--On Friday, March 30, 2007 3:24 PM -0700 Frank Cusack <fcusack@fcusack.com> wrote:
This is why I'm still using 0.99. The RC's still look like betas and I have no idea which one (if any) is less a regression than any other.
They ARE betas. That's no reason to stay with 0.99. It's effectively beta as well.
In principle, a "release candidate" should be a gamma. It should be effectively ready for release, and distributed to check for awful show-stoppers.
Is 1.0rc29 stable enough to replace 0.99 from Fedora? Will I suddenly have a bunch of angry users seeing things break?

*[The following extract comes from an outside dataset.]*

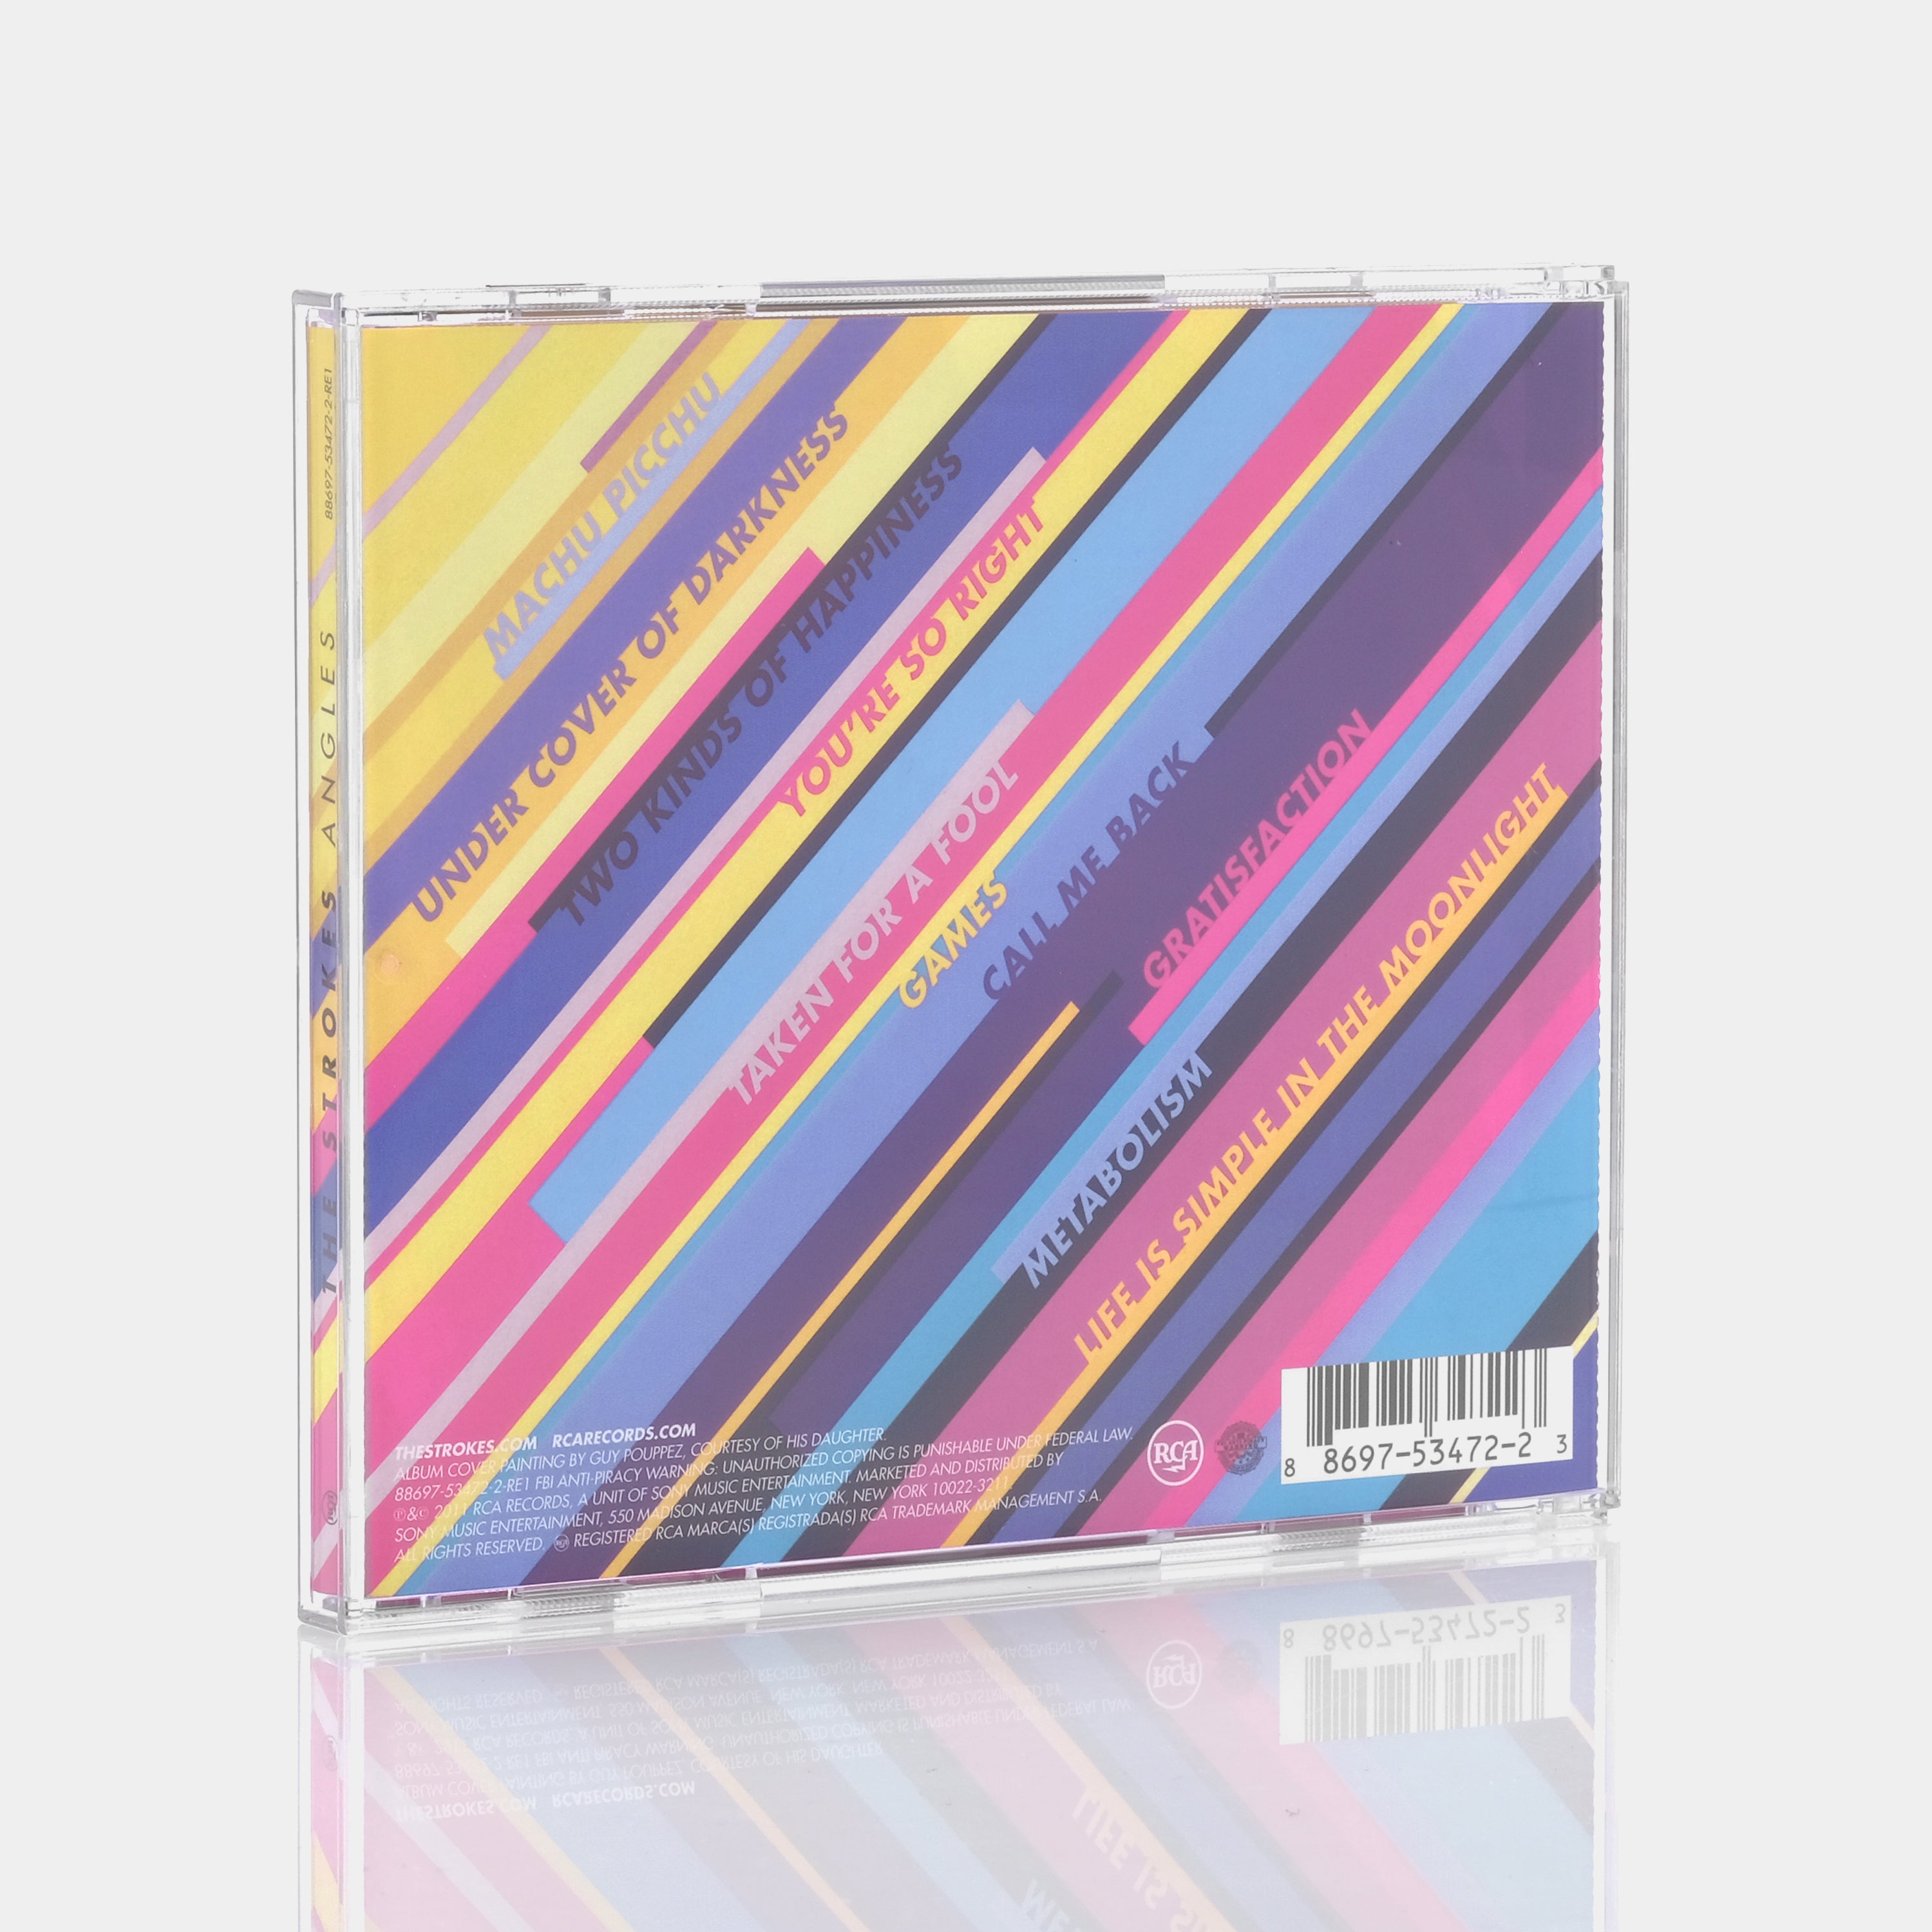 The Strokes - Angles CD
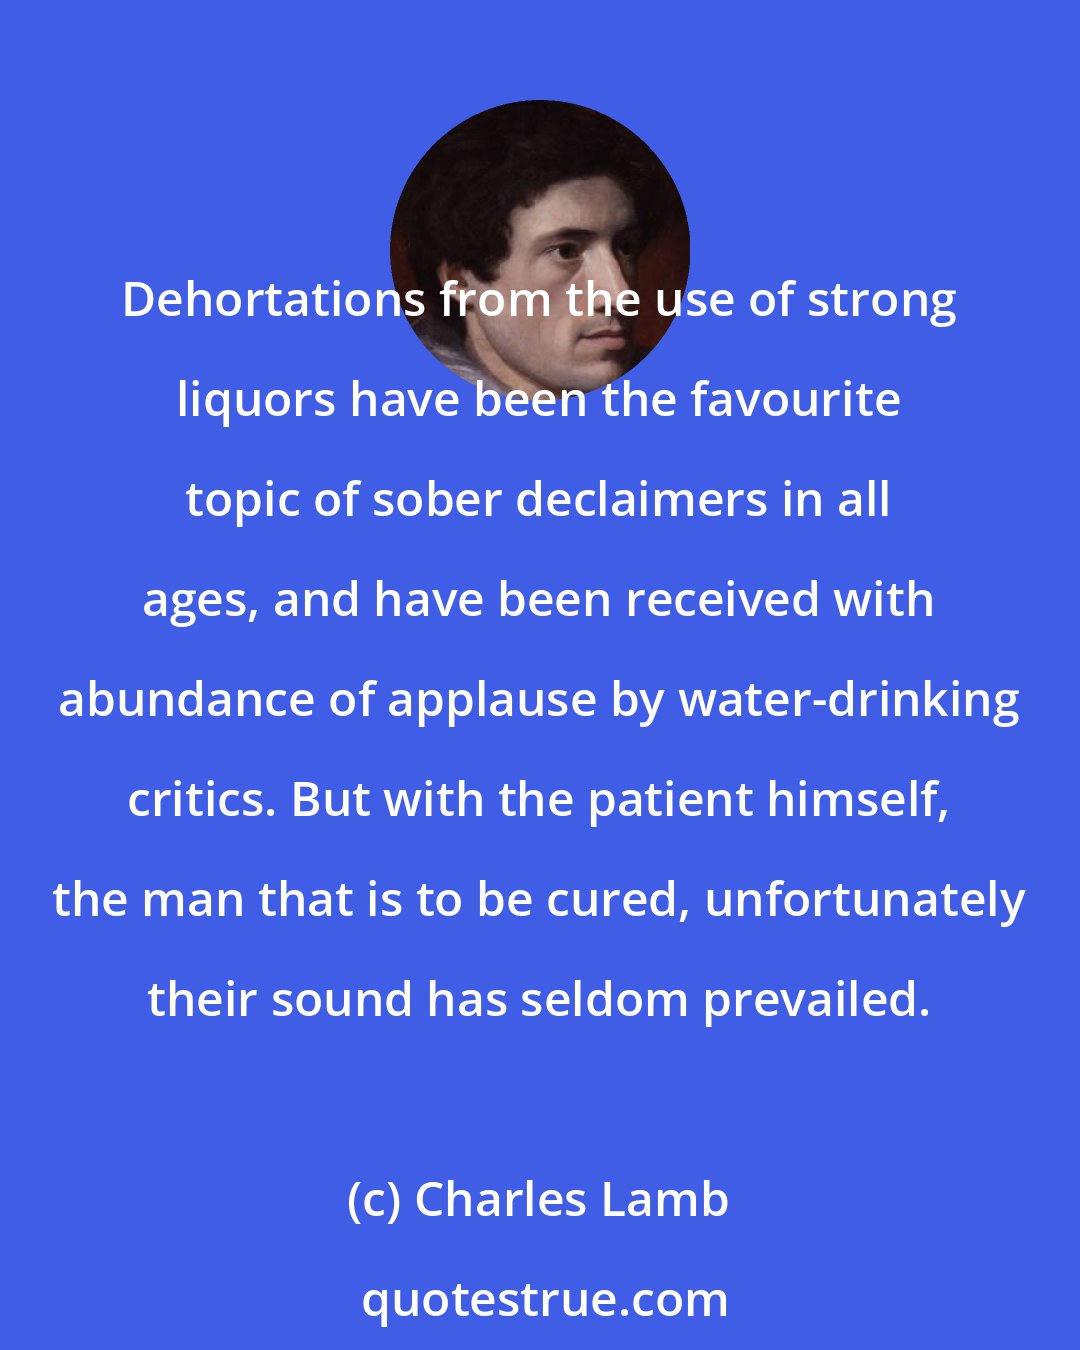 Charles Lamb: Dehortations from the use of strong liquors have been the favourite topic of sober declaimers in all ages, and have been received with abundance of applause by water-drinking critics. But with the patient himself, the man that is to be cured, unfortunately their sound has seldom prevailed.

1.0.rc1 was released in June. Here's a quote from the release message for rc11 (November 4):
Hopefully the last RC release? As far as I know there are no major problems left now. If nothing big shows up, v1.0 should be out in a couple of weeks.
In rc27:
A few new small features and lots of index/mbox fixes. I've been heavily stress testing this release, so I think it should be about perfect. :)
*Features*?! In an rc?! No wonder there's no convergence.
If I were installing this for just me, I'd have no problem riding the bleeding edge and accepting the risk. But I don't want my boss showing up at my door livid because some last-minute feature caused a bad regression. When I install software for others to use, I want something that's been running in the field for awhile. I don't care if it has bugs, as long as I know what to expect. What I want is certainty, not perfection.
So please, no more features in these rc's! Just lock it down and ship it and let people get some experience with it, so I'll know exactly what to expect when *I* install it.